Sql-server – Detecting and fixing database corruption on SQL Server mirrored database

corruptionmirroringsql serversql-server-2005

I’m new to my current company and we have a System Administrator but no DBA. In the past I’ve taken care of DBA related issues at other companies. I’ve run into and corrected database corruption in other databases (Foxpro and Access) and was able to at least document the data corrupted so it could be reentered. I’ve never encountered or suspected corruption with a SQL Server database. I suspect that I’m running into this with a SQL Server 2005 database that is being mirrored.

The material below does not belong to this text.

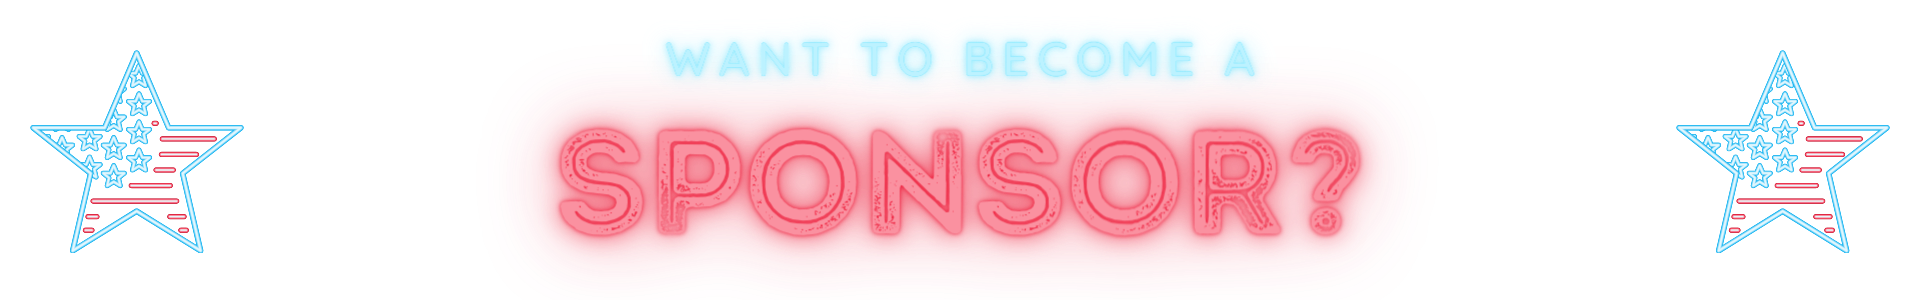 Become a Sponsor
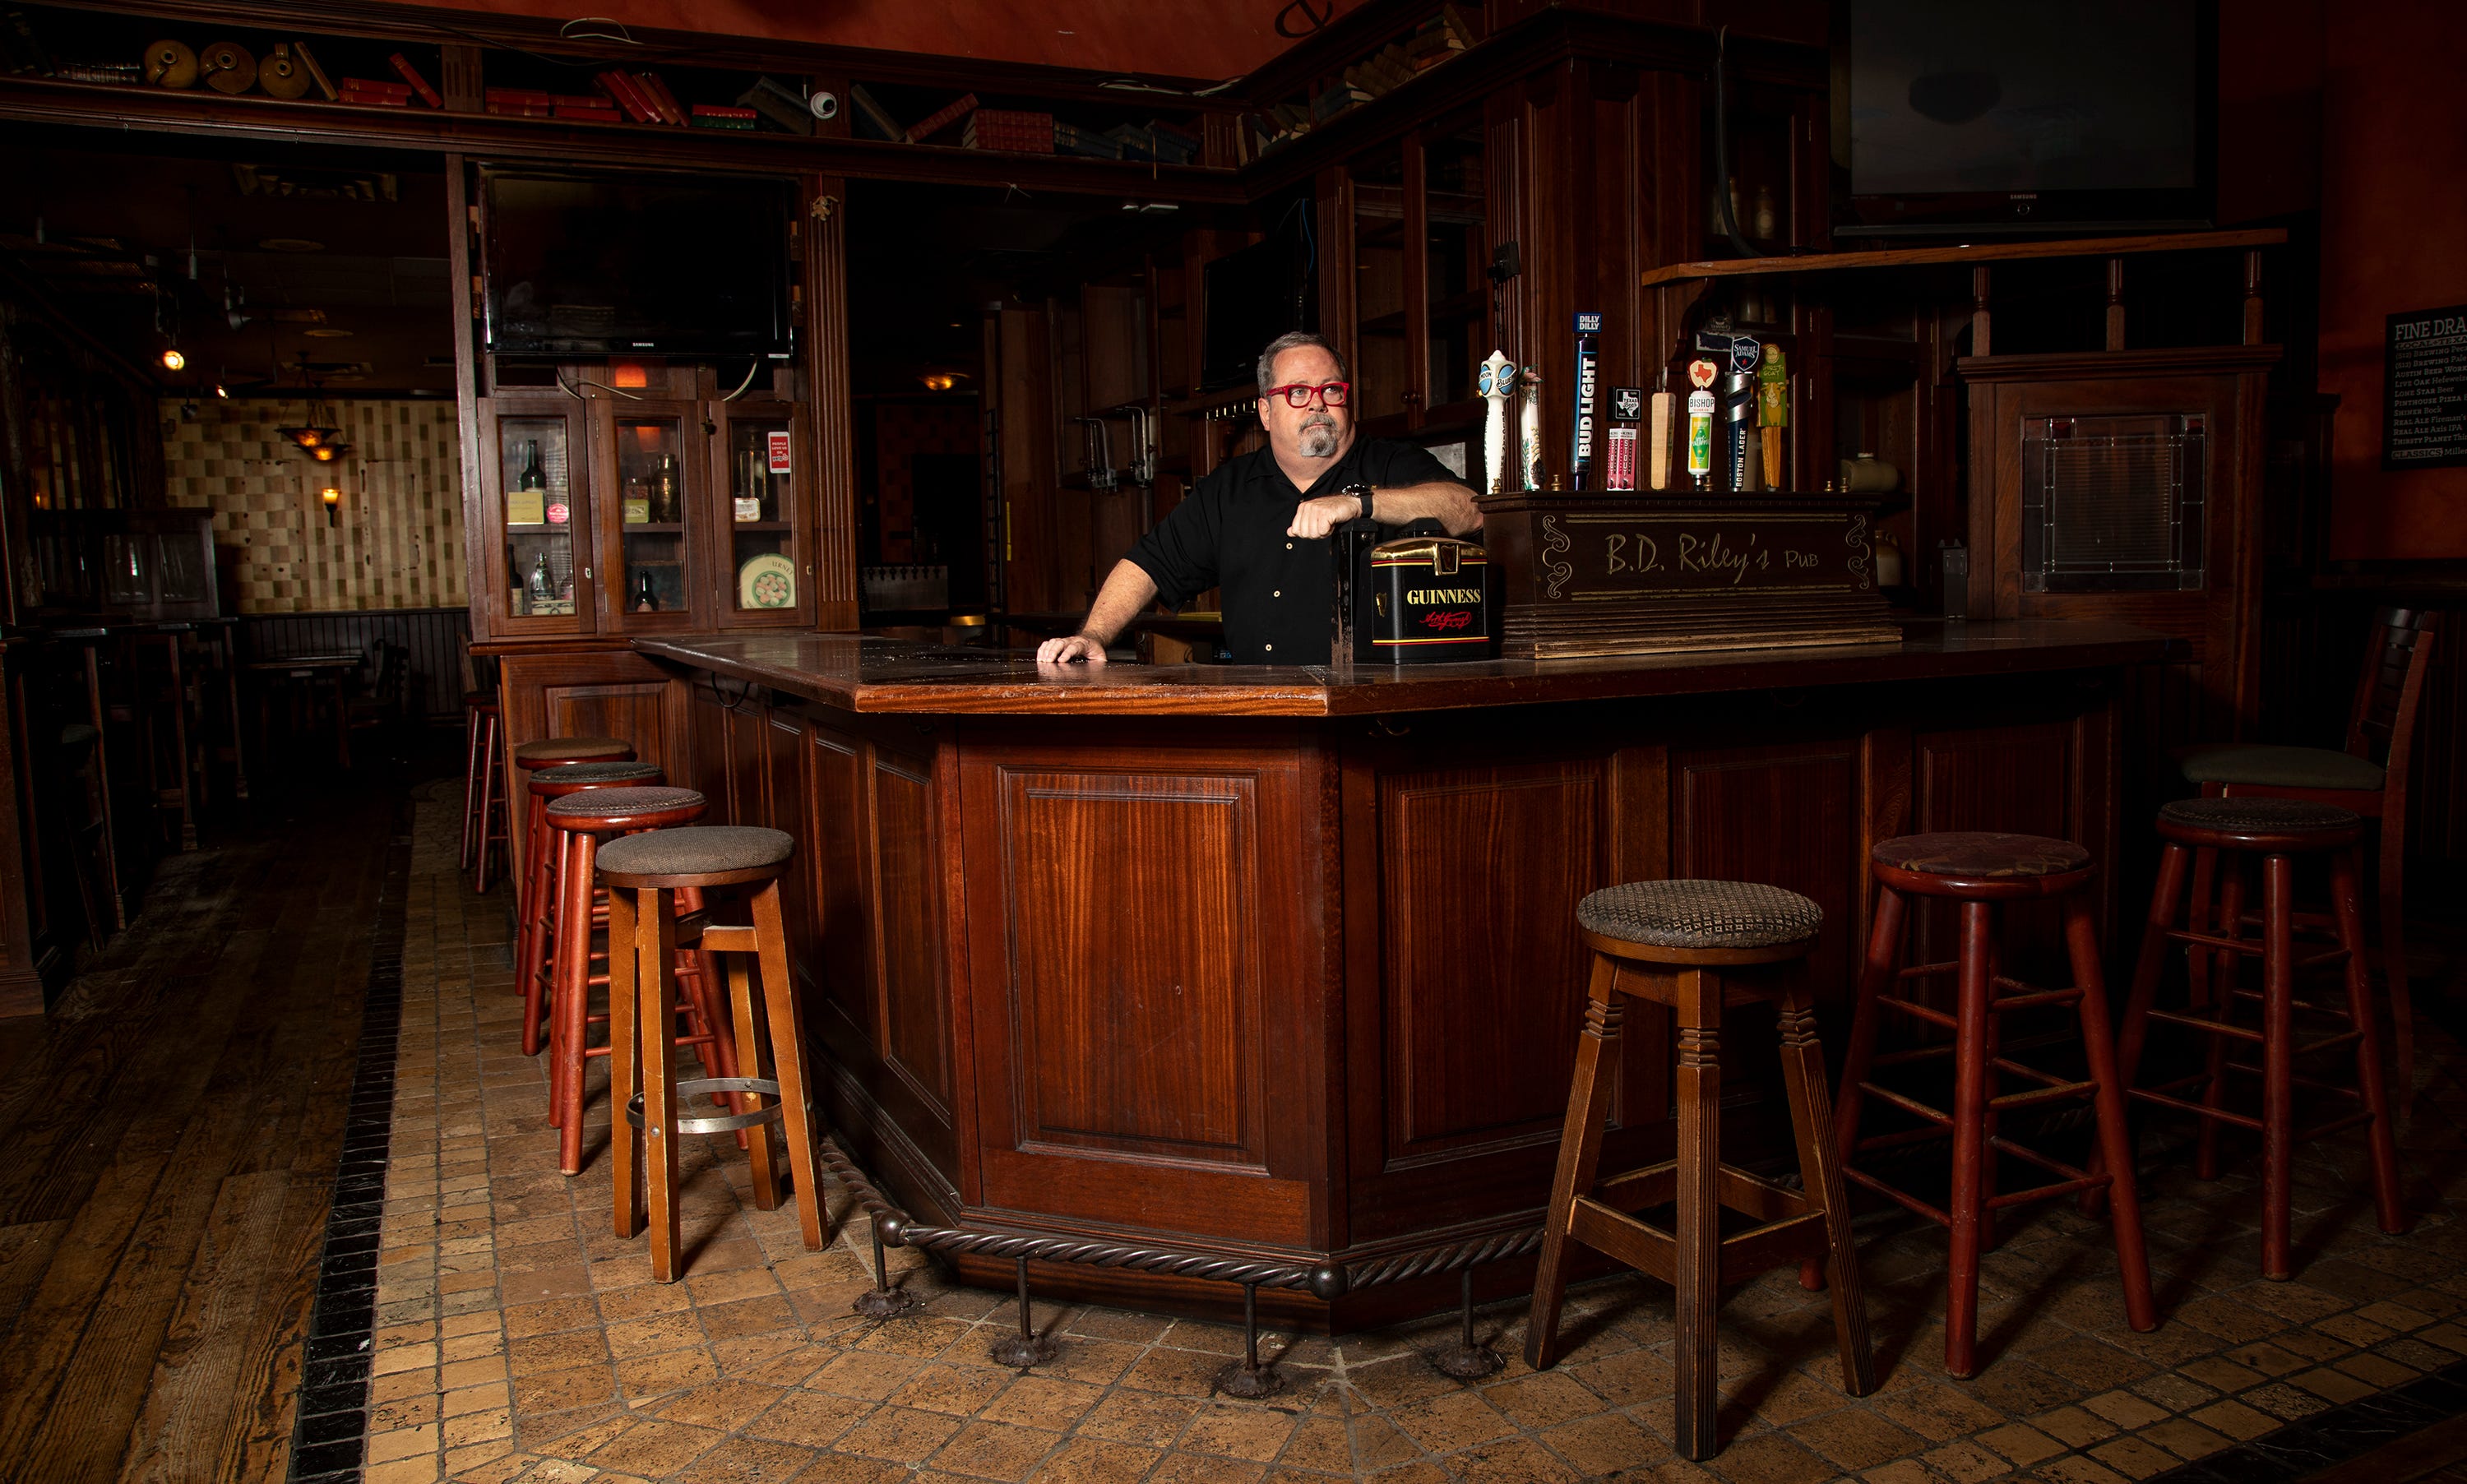 Steve Basile, co-owner of  B.D. Riley's Irish Pub, on Sept. 8.

The situation is that simple delete commands passed to the database are not deleting data in certain tables. I literally have to go in through SQL Server Management Studio and issue the delete command to clear out these tables. There are anywhere from 144 thousand to 32 Million records in temp tables and this data is taking up more than 90% of the database (as determined after deleting the records and shrinking the database). After I do this clean up, then the delete commands passed to the database on the test server work.

My first line of attack would be to run DBCC CHECKDB against copies of the database. I ran it against a backup and there was no corruption found. We can’t get exact copies of the database as my System administrator has had issues in the past where the database server has taken up to 6 hours to get online and he does not want to disable both the live and mirrored SQL servers.

My first question is if I should trust a database backup to include corrupted data that would be found by DBCC CHECKDB. If the backup does not store the corruption, what is the best way to stop and then bring back both the live and mirrored database to get copies of the LDF and MDF files?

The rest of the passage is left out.